California Center for Algae Biotechnology Division of Biological Sciences, University of California, San Diego , 9500 Gilman Drive, La Jolla, California 92093-0368, United States.

Published: July 2016

Oxygenic photosynthesis provides the energy to produce all food and most of the fuel on this planet. Photosystem II (PSII) is an essential and rate-limiting component of this process. Understanding and modifying PSII function could provide an opportunity for optimizing photosynthetic biomass production, particularly under specific environmental conditions. PSII is a complex multisubunit enzyme with strong interdependence among its components. In this work, we have deleted the six core genes of PSII in the eukaryotic alga Chlamydomonas reinhardtii and refactored them in a single DNA construct.
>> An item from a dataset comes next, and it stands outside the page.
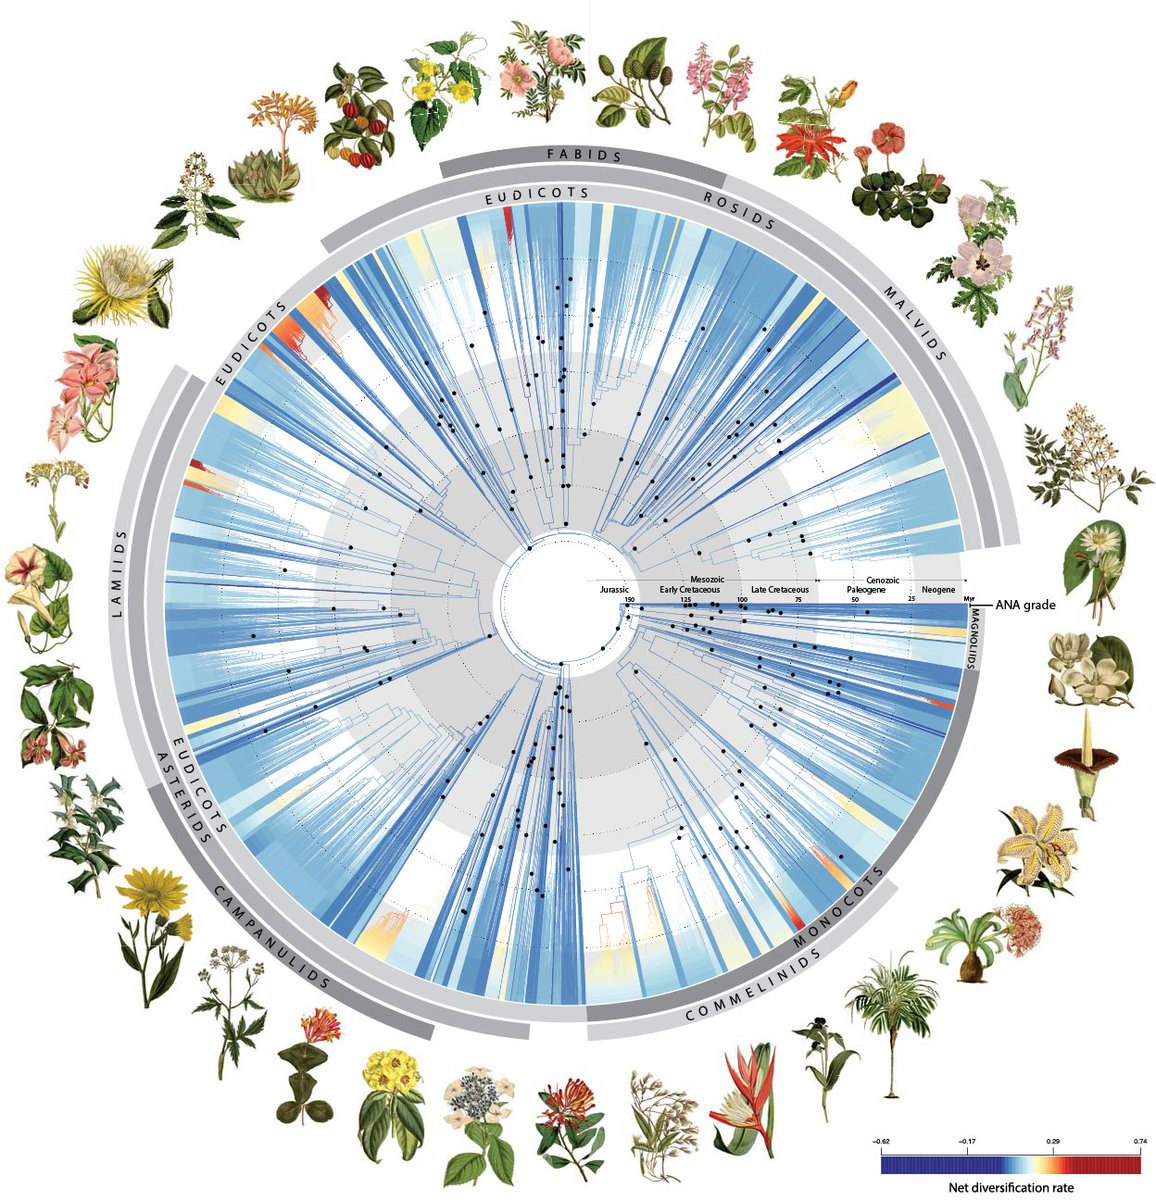 Our Big Flowering Plant Bang paper is now out in Nature!! So excited to have been part of this massive collaborative effort led by the @kewgardens team, involving 279 co-authors from 27 countries! #angiosperms #phylogenomics nature.com/articles/s4158…

Complementation of the knockout strain with the core PSII synthetic module from three different green algae resulted in reconstitution of photosynthetic activity to 85, 55, and 53% of that of the wild-type, demonstrating that the PSII core can be exchanged between algae species and retain function. The strains, synthetic cassettes, and refactoring strategy developed for this study demonstrate the potential of synthetic biology approaches for tailoring oxygenic photosynthesis and provide a powerful tool for unraveling PSII structure-function relationships.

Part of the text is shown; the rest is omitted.